# [EXERCISE INPUT]
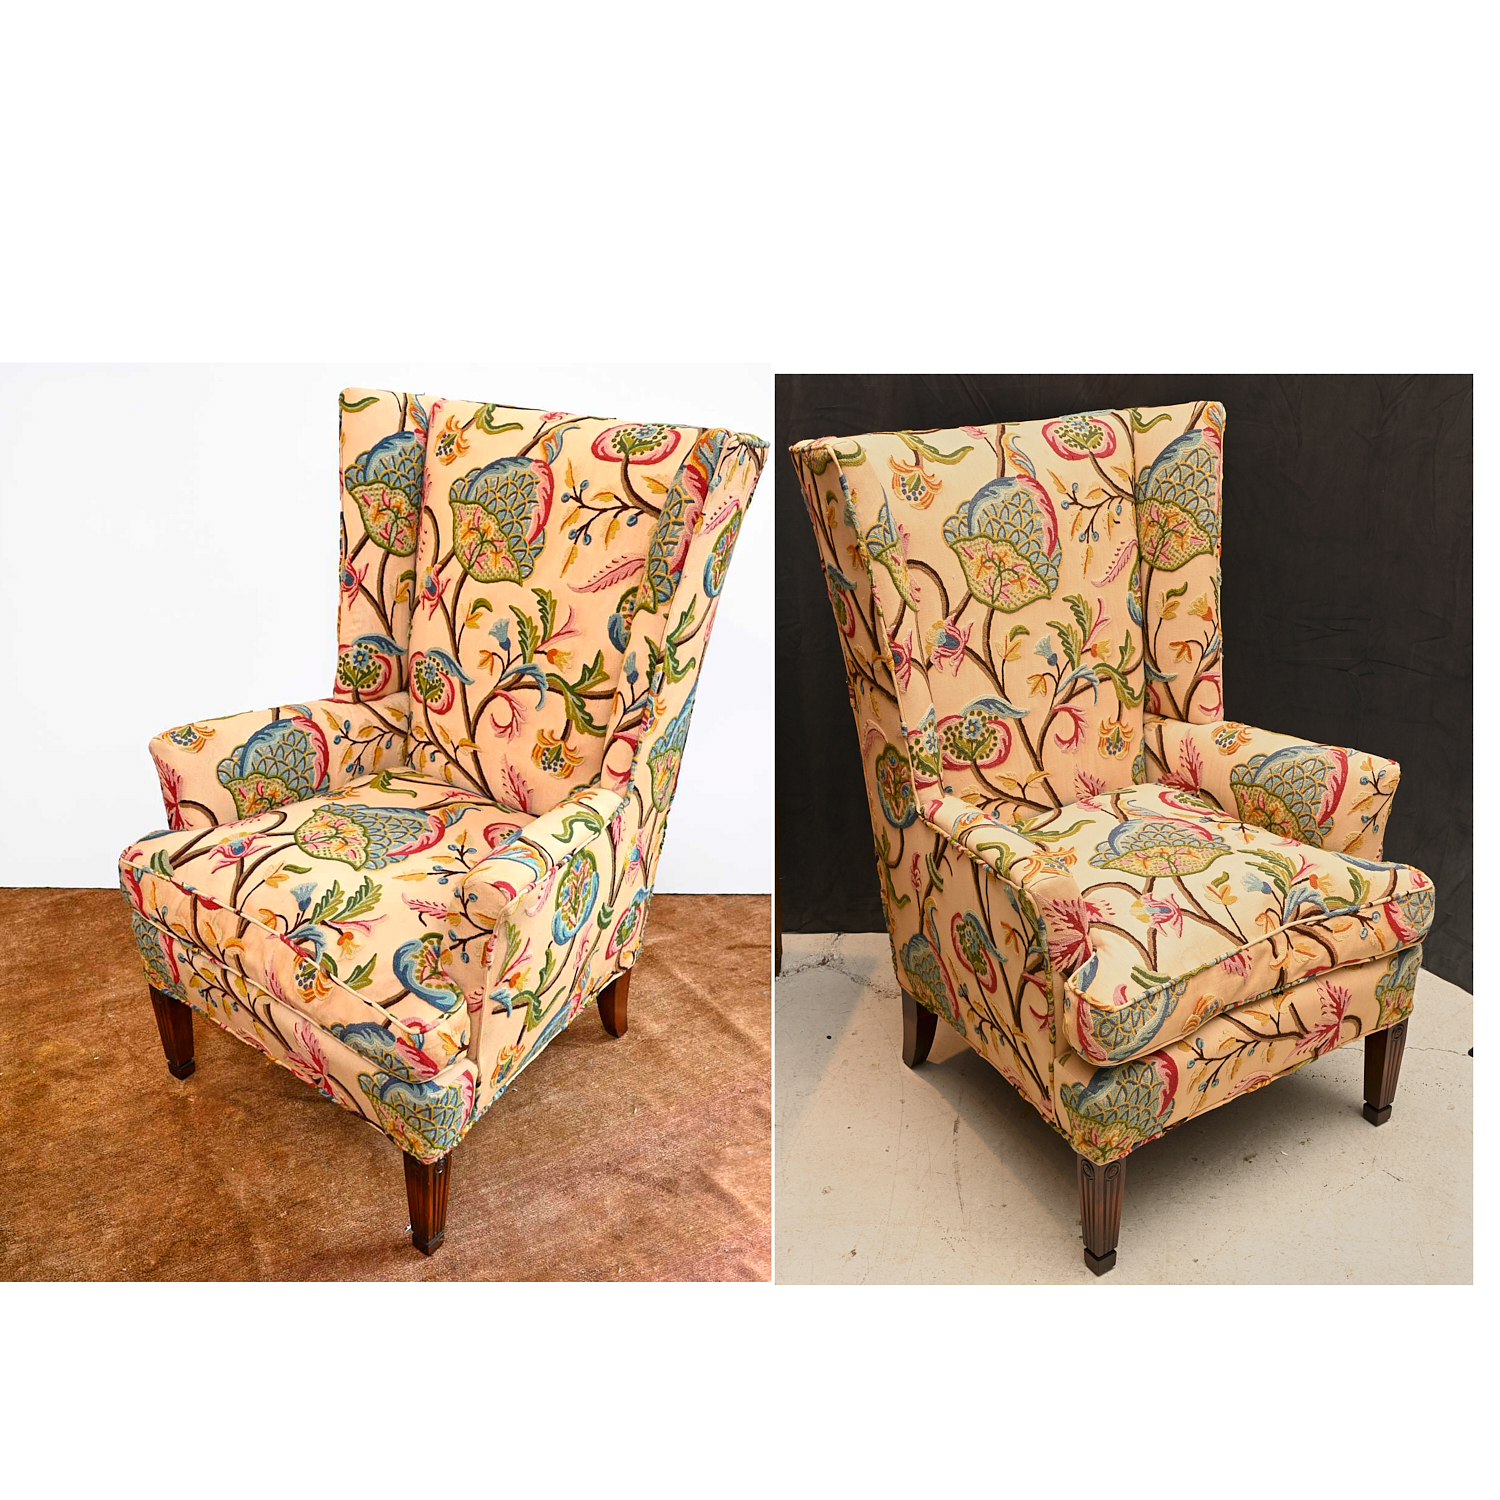 NICE PAIR CREWELWORK UPHOLSTERED 2ce640
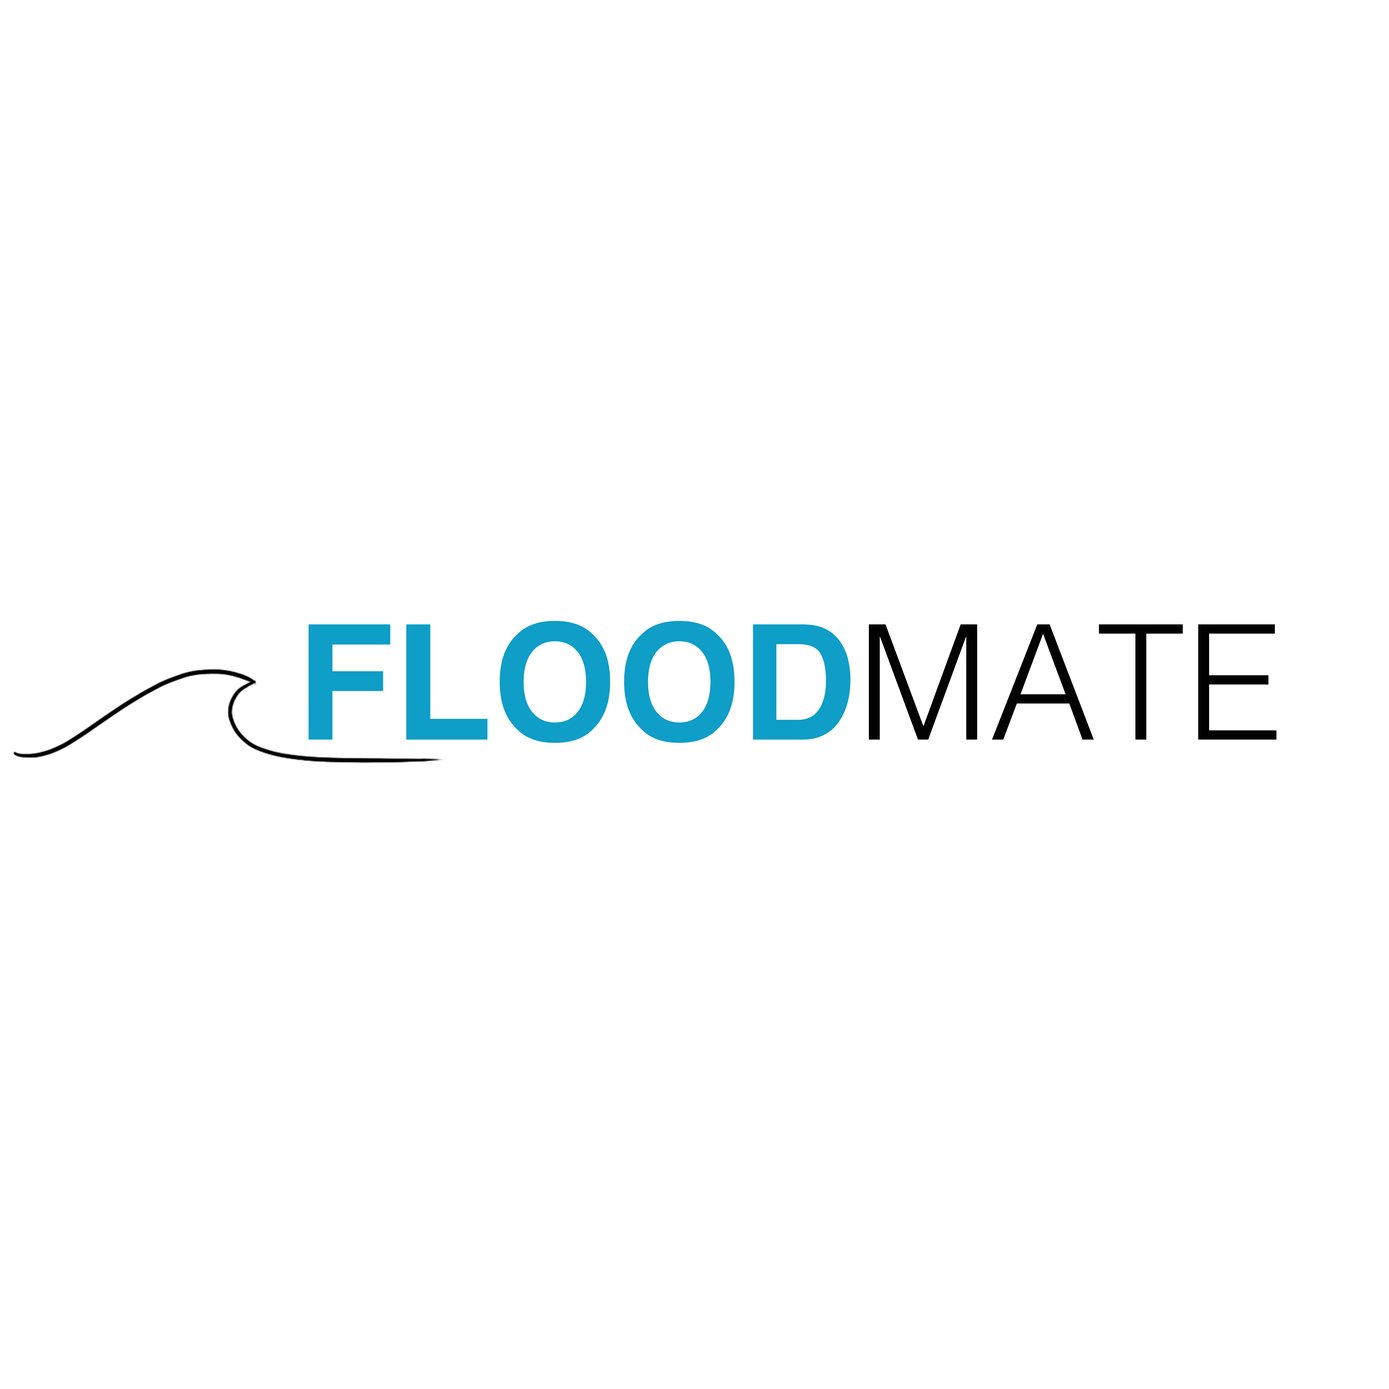 The Emergency Flood Barrier product - Don't let a flood ruin your home or business 💦- Contact us
-
📧 info@floodmate.co.uk
-
📱0800 0932 690
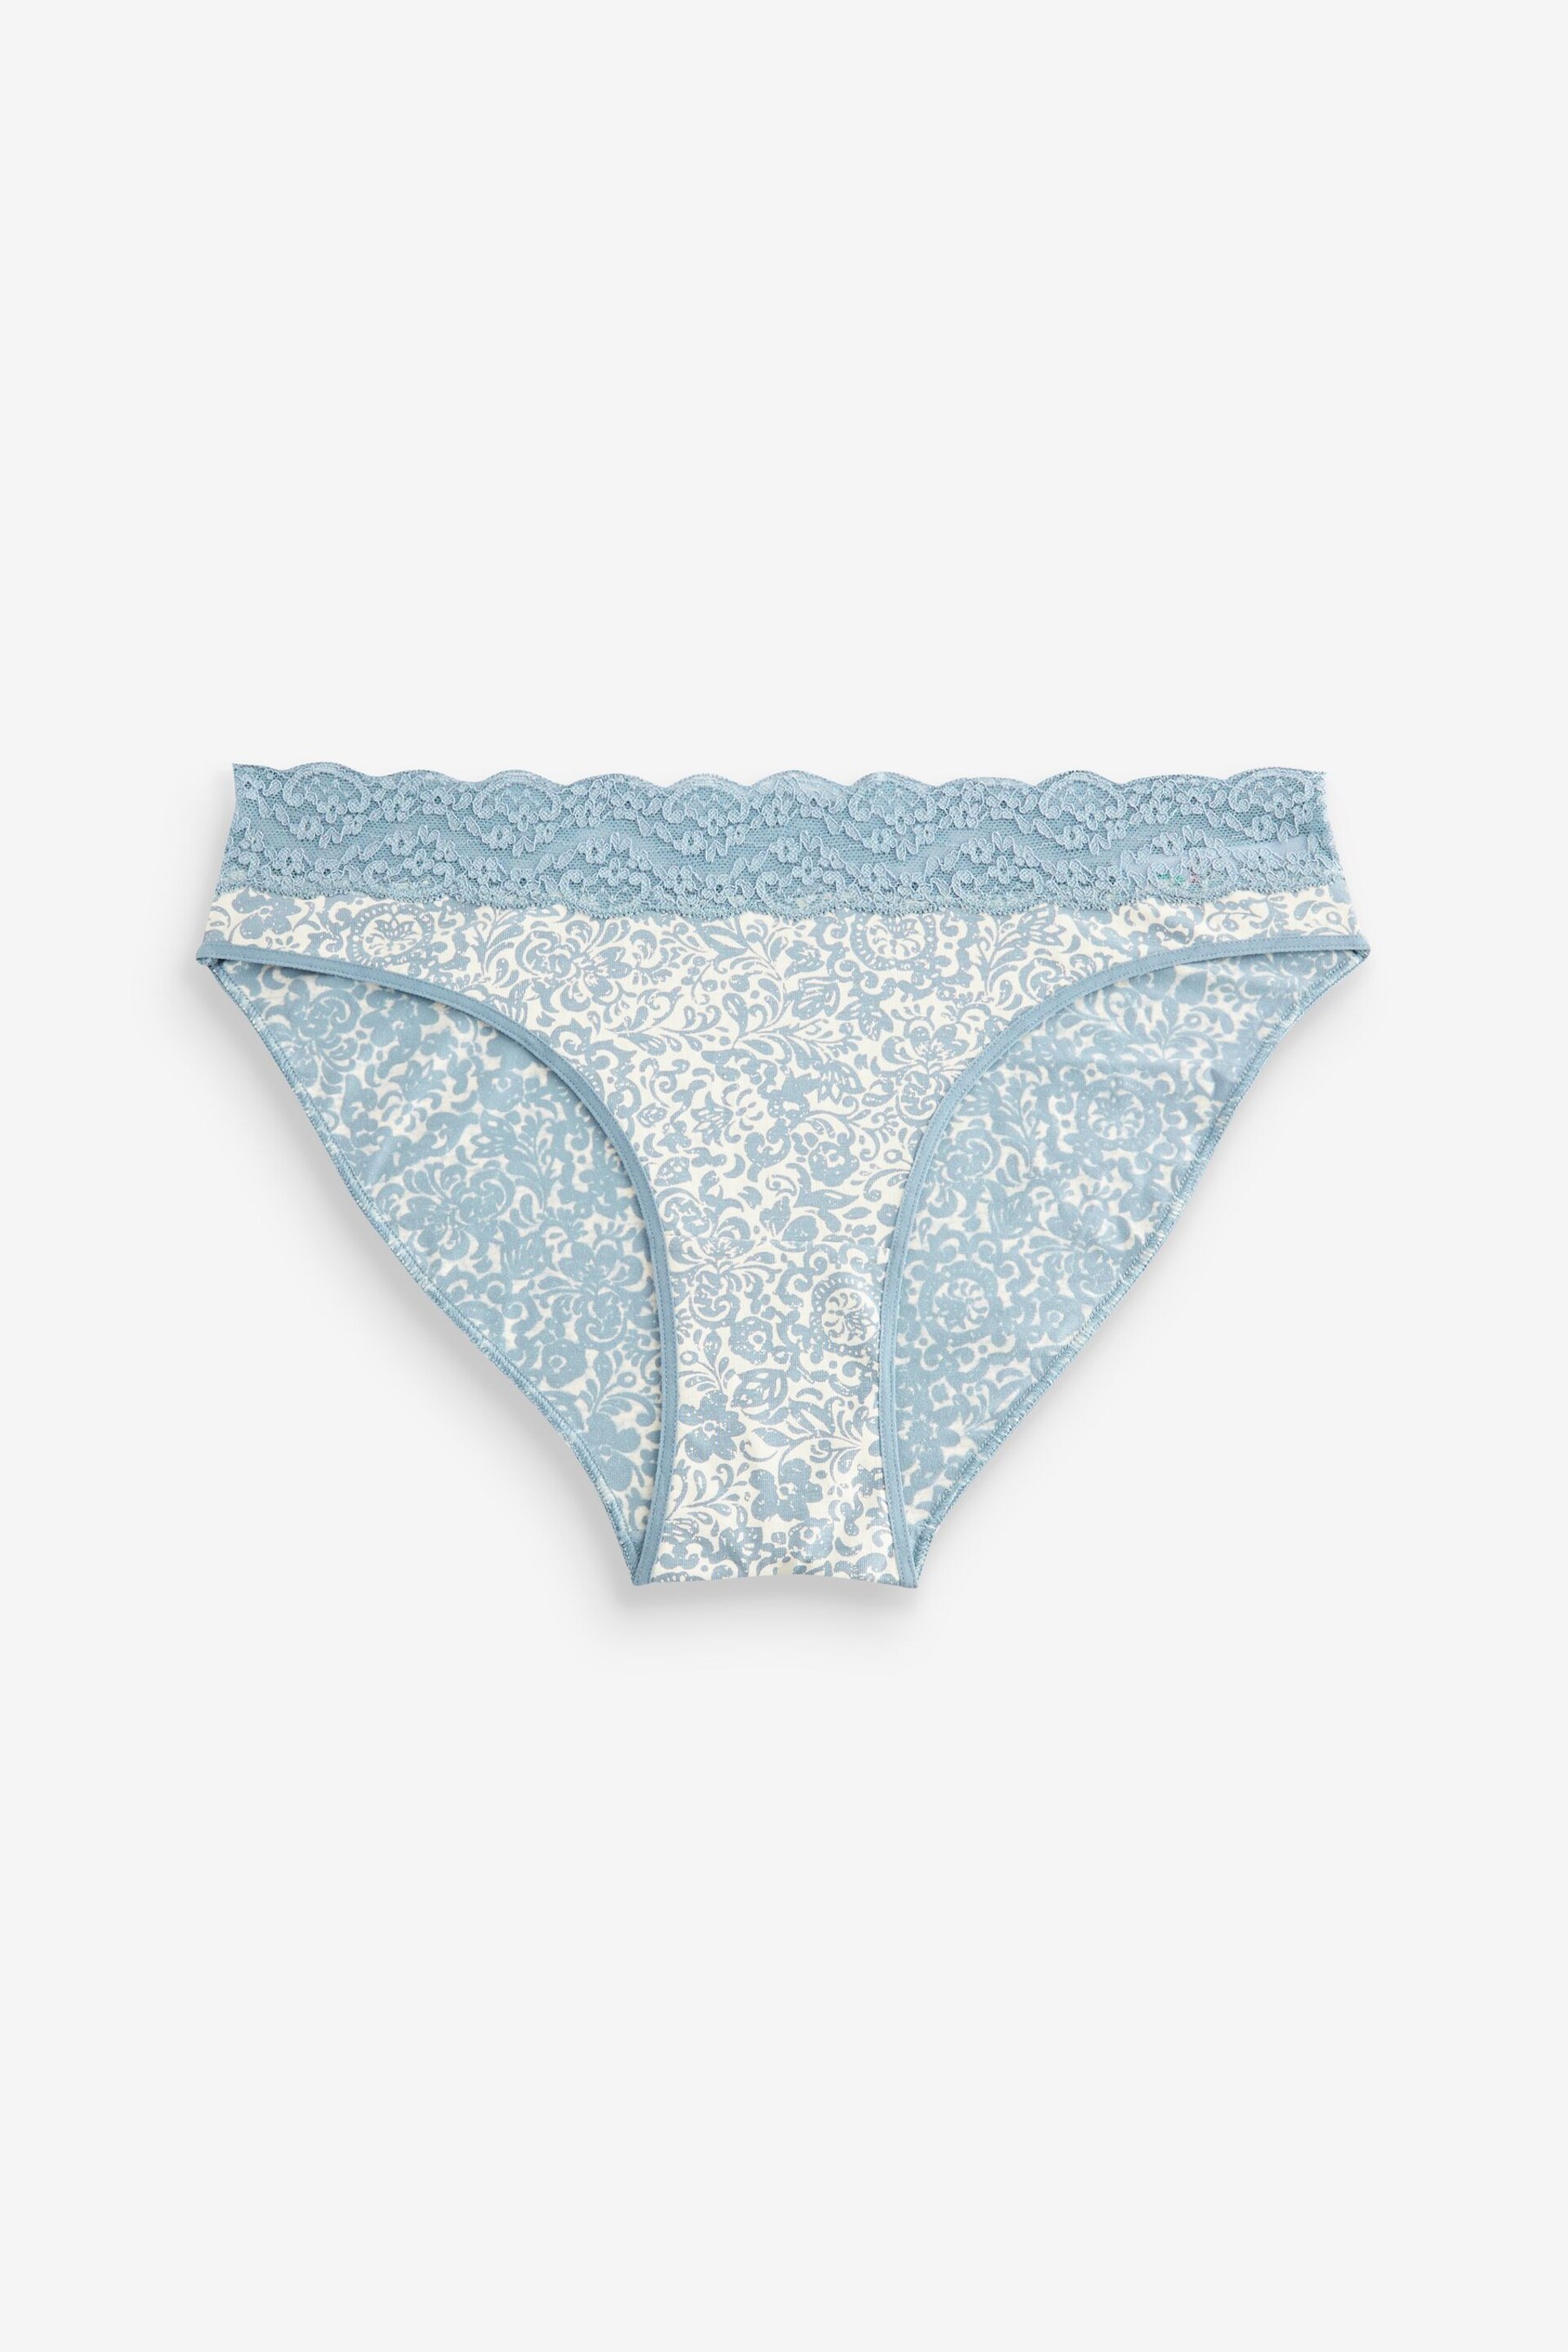 Cream/Blue Printed High Leg Cotton and Lace Knickers 4 Pack - Image 5 of 9

# [WORK REQUEST]
Give an exact copy of the entries, excluding all pictures.

# [RESPONSE TO THIS TASK]
 NICE PAIR CREWELWORK UPHOLSTERED 2ce640
 The Emergency Flood Barrier product - Don't let a flood ruin your home or business 💦- Contact us
-
📧 info@floodmate.co.uk
-
📱0800 0932 690
 Cream/Blue Printed High Leg Cotton and Lace Knickers 4 Pack - Image 5 of 9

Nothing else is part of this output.